In addition to this coactivator function, DELLAs inhibit transcriptional activators by preventing DNA binding. Thus, DELLAs can have opposite transcriptional effects on two sets of GA-regulated genes by acting as a coactivator of GAF1 and by titrating transcriptional activators, including PIFs and BZR1 (Bai et al., 2012; Hong et al., 2012). This mechanism remarkably suits GA signaling. A decrease in GA levels will turn off the expression of genes involved in the promotion of plant growth by titration of transcriptional activators with DELLA proteins and simultaneously turn on the expression of genes subject to GA feedback regulation by a GAF1-DELLA complex.
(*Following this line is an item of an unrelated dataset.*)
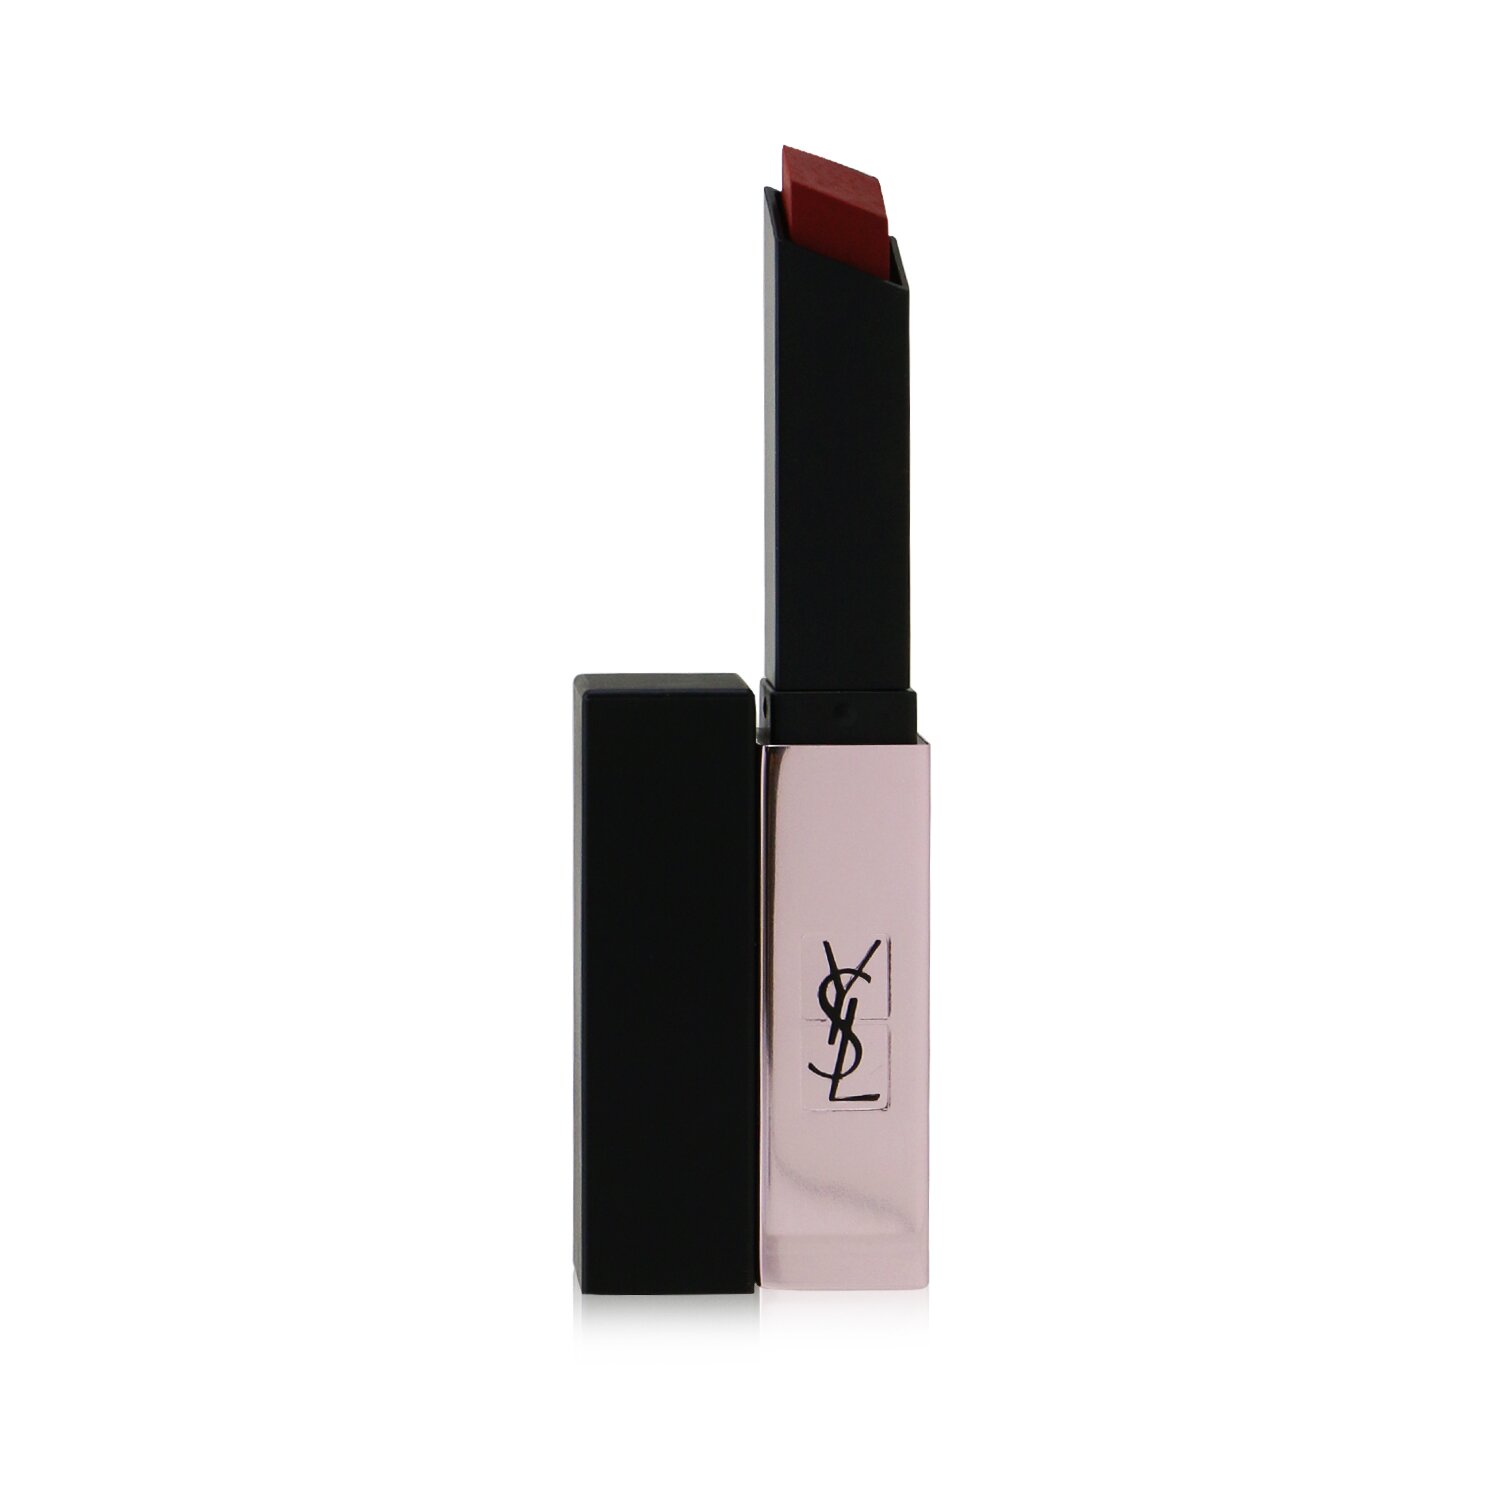 Guerlain KissKiss Shine Bloom Lipstick 3.2 Gr Floral Nude

Conversely, an increase in GA will have opposite effects on the two sets of genes. Such dual properties of a cofactor introduce a new paradigm for hormone action through which variations in the levels of GA can coordinately turn on or off two sets of genes, thus enabling the integrative regulation of plant growth and GA homeostasis. Furthermore, because DELLAs mediate the crosstalk of internal and external stimuli through the interaction with key regulators of signaling, including PIFs of light, BZR1 of brassinosteroids, and JAZ of jasmonates (Bai et al., 2012; Hong et al., 2012), they serve as central regulators of plant development.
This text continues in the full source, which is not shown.